In contrast to our results, Guvenc et al. measured chemerin level in women with PCOS and healthy women. The women were divided into subgroups of lean group (BMI 18.5–24.9 kg/m2) and overweight group (BMI 25.0–29.9 kg/m2) and showed that there was no difference in serum chemerin between PCOS patients and healthy controls. However, circulating chemerin was increased in overweight PCOS patients compared with lean PCOS patients and also they found that there was no significant difference between normal and overweight controls in serum chemerin.
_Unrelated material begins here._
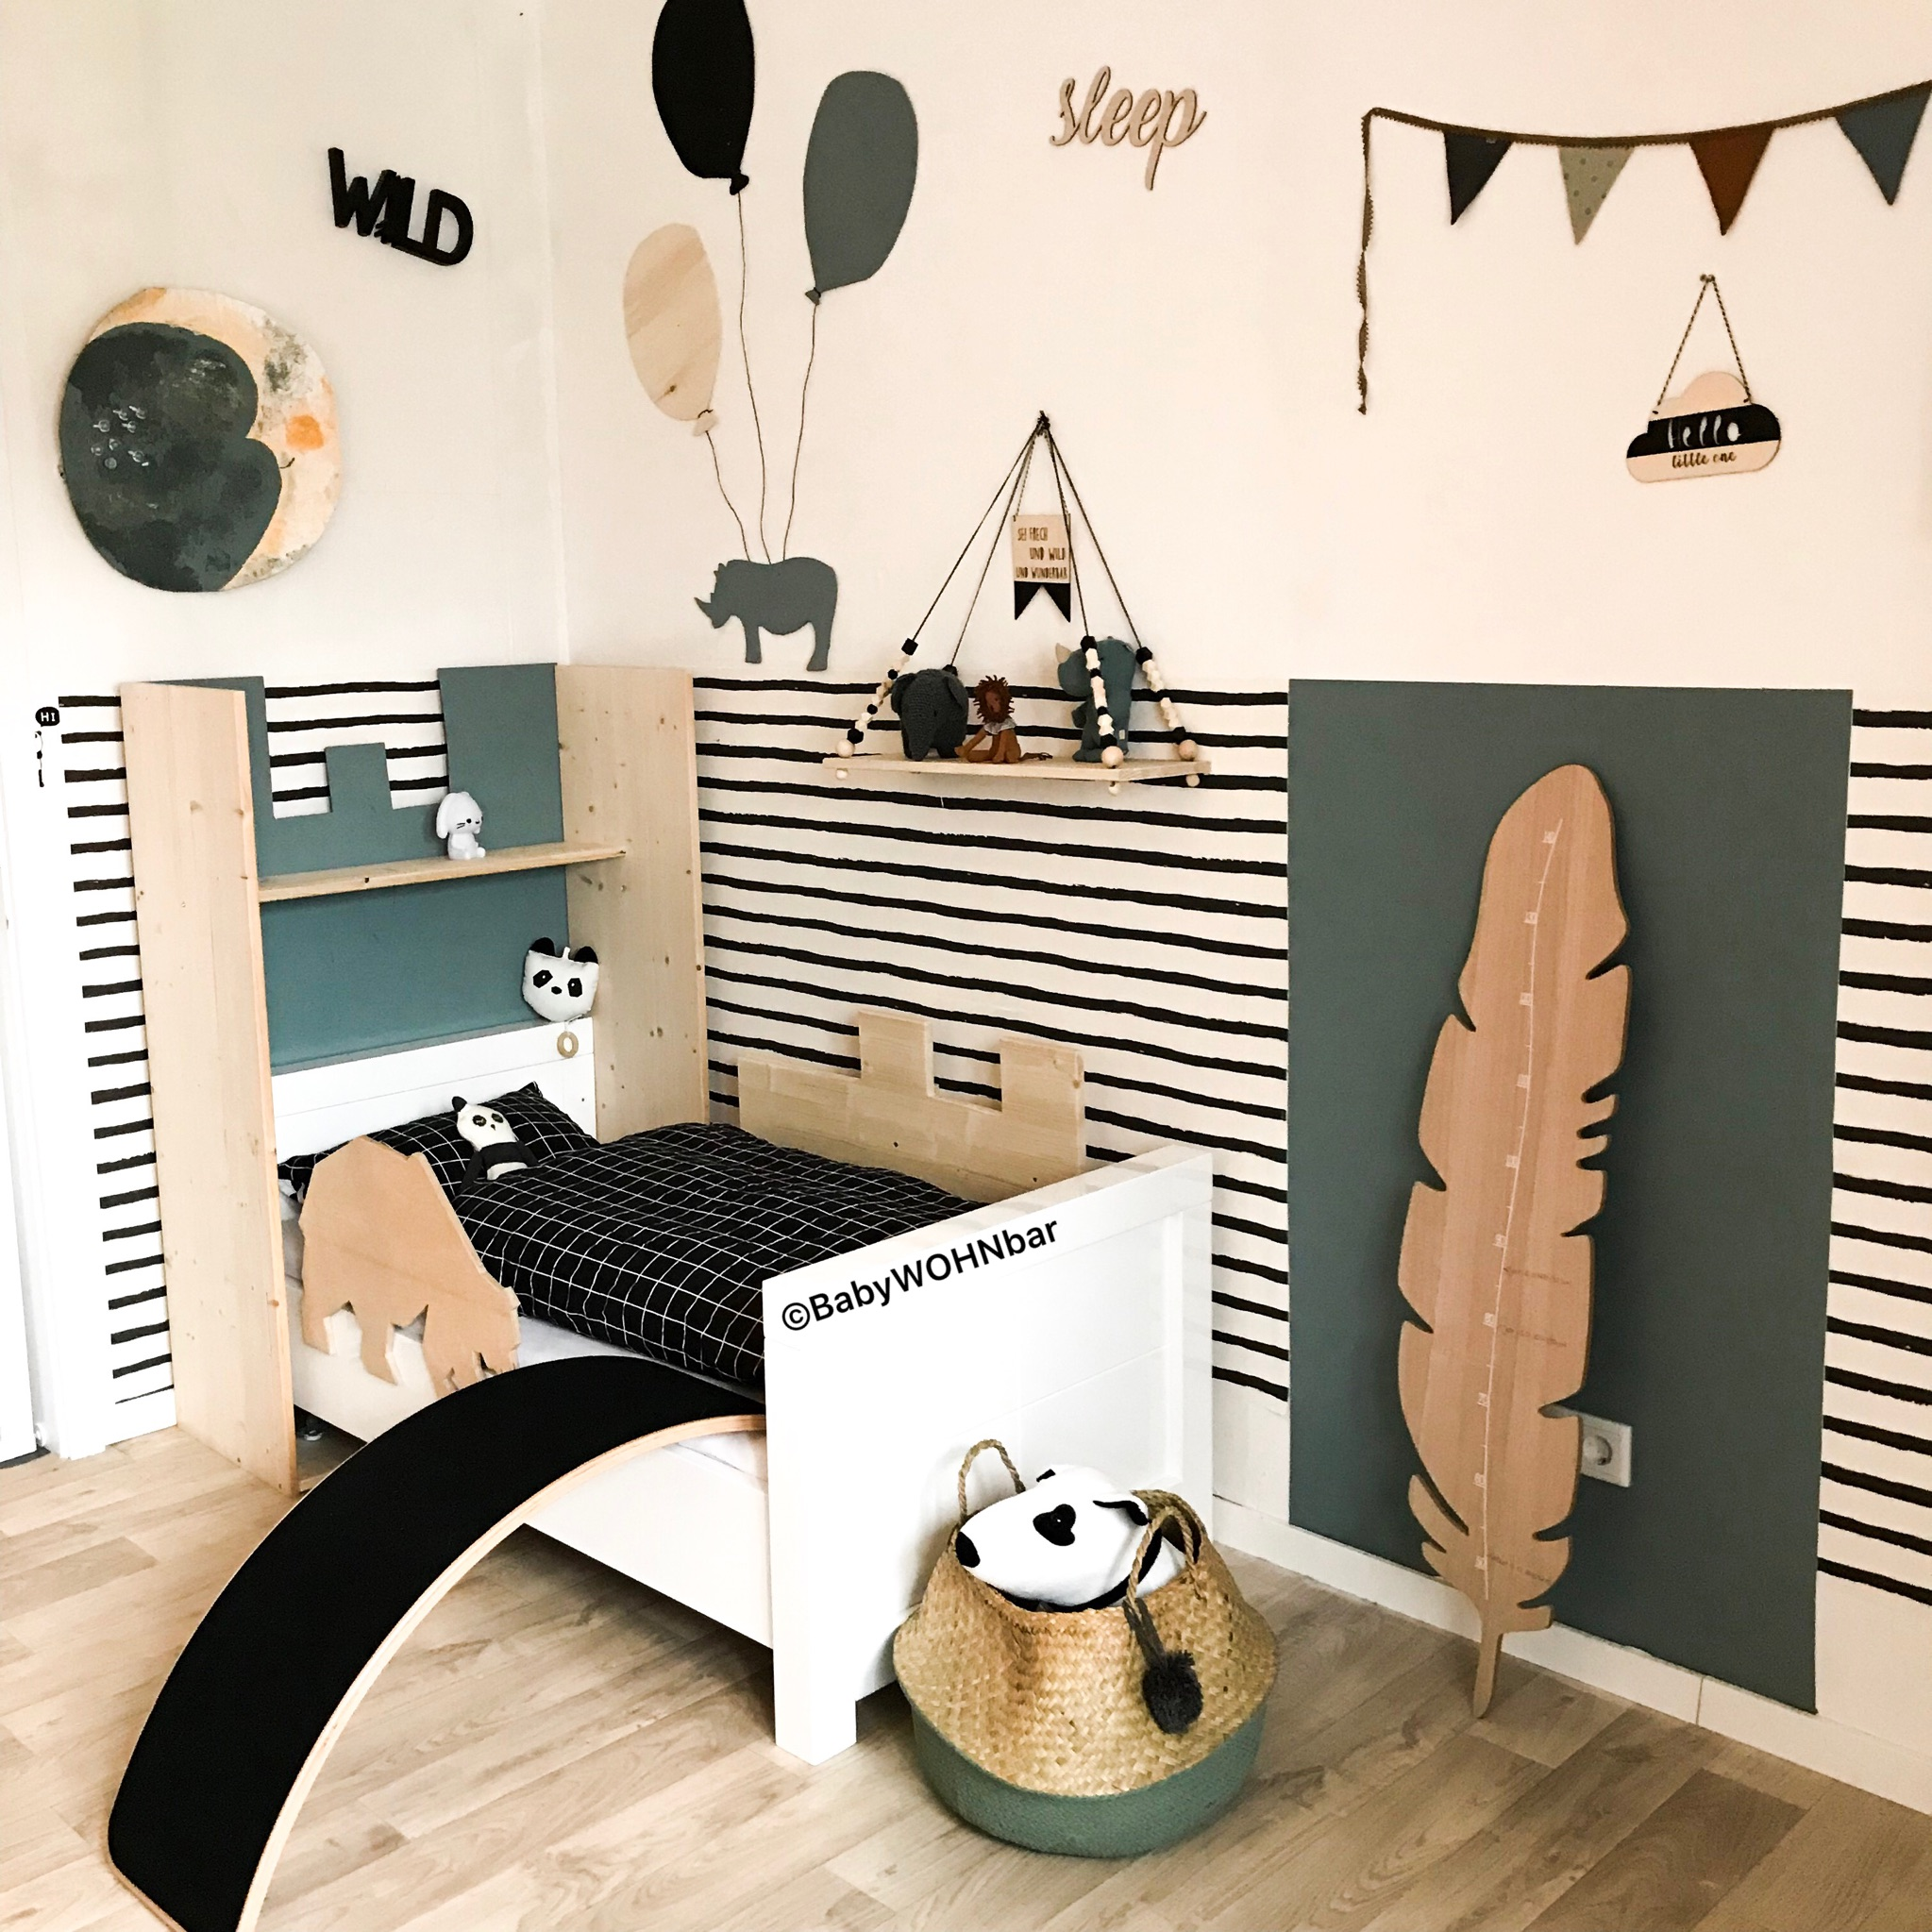 babyWOHNbar – Modernes Wohnen für Babys und Kleinkinder

These findings suggest that BMI alone is not a predictive factor for circulating chemerin [11]. But this study did not include obese patients or patients with insulin resistance, which may explain the lack of any difference between groups.

Also in our study, PCO group has higher fasting blood glucose, fasting insulin, and HOMA IR than control group, being highest in obese PCO group, also chemerin positively correlated with fasting insulin, HOMA-IR, and fasting glucose which indicate that increased chemerin levels may involve in pathogenesis of metabolic aberrations in PCOS.
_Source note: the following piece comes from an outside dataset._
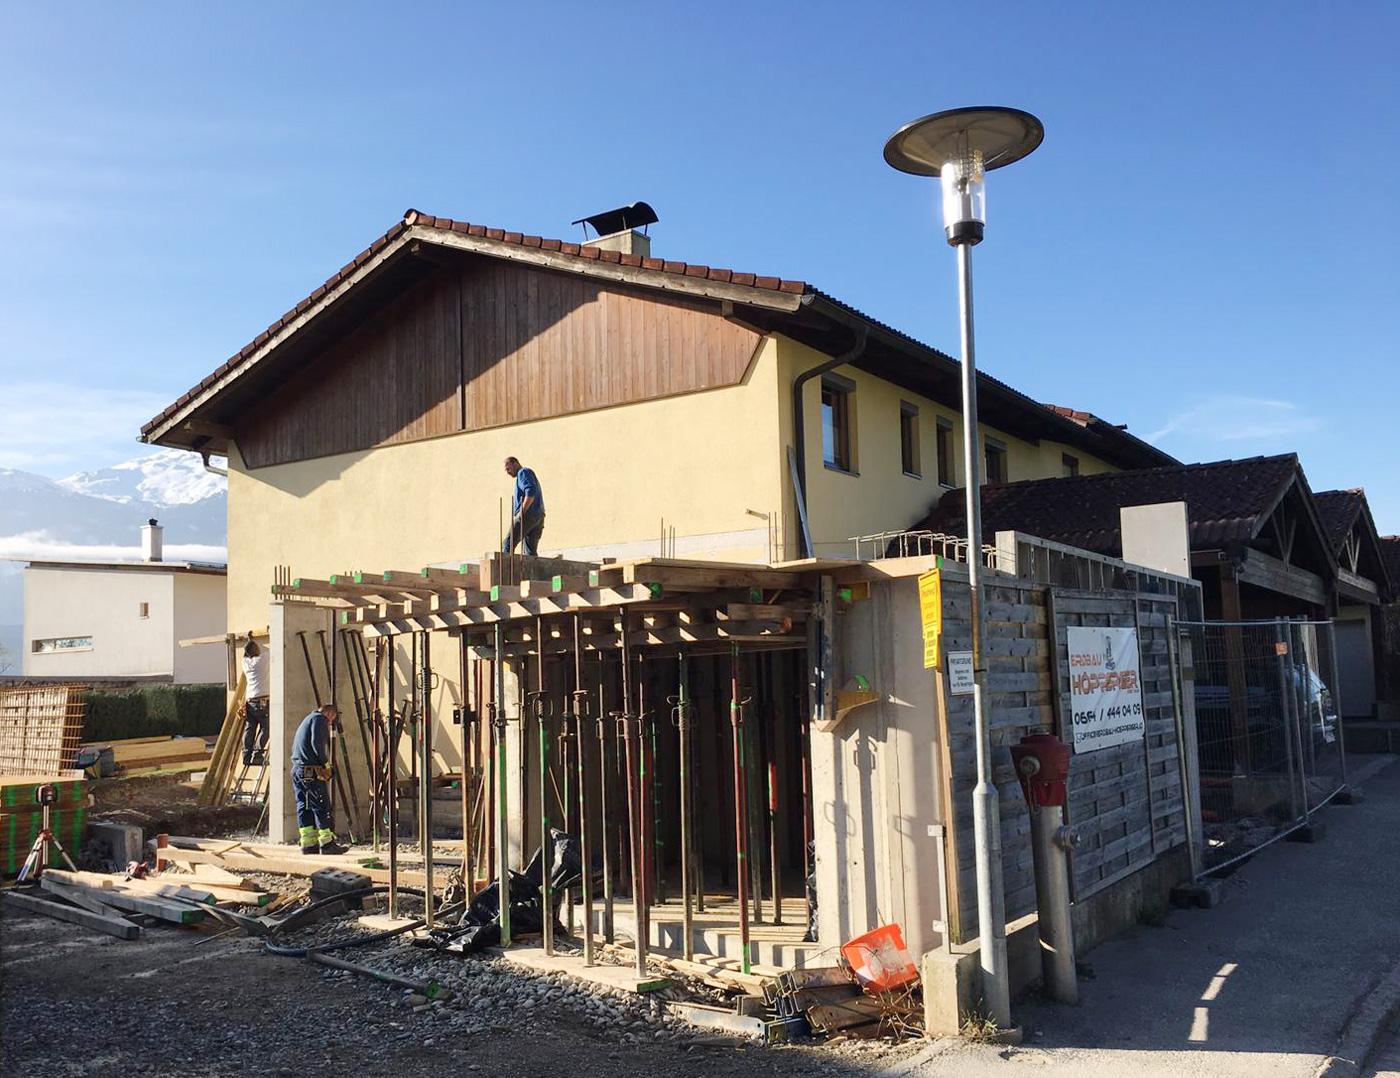 9-2019-Zu-und-Umbau-Einfamilienhaus-mit-Vollholzwaenden-Holzbau-Zimmerei-Norz-1.jpg

This comes in line with many studies Yang et al., Huang et al., Guzel et al., and Ademoglu et al. who documented significant increase of these parameters in obese and non-obese PCOS women, when compared with the corresponding obese and the non-obese control group [7,8,9,10].

This agreeing with Kort et al. who postulated that chemerin may contribute to the pathogenesis of IR [12]. However, the exact regulation of chemerin on morbidity of IR and glucose metabolism is poorly understood, which may involve reduced glucose uptake and insulin sensitivity, chemerin receptors signaling pathways, or chronic inflammation [7].

Conclusion

Chemerin, a novel adipokine, was found to be higher in PCOS patients especially overweight ones and also correlated to the dysglycemic and insulin resistance indices which may indicate that chemerin has role in the pathogenesis of metabolic aberrations in PCOS like insulin resistance and diabetes.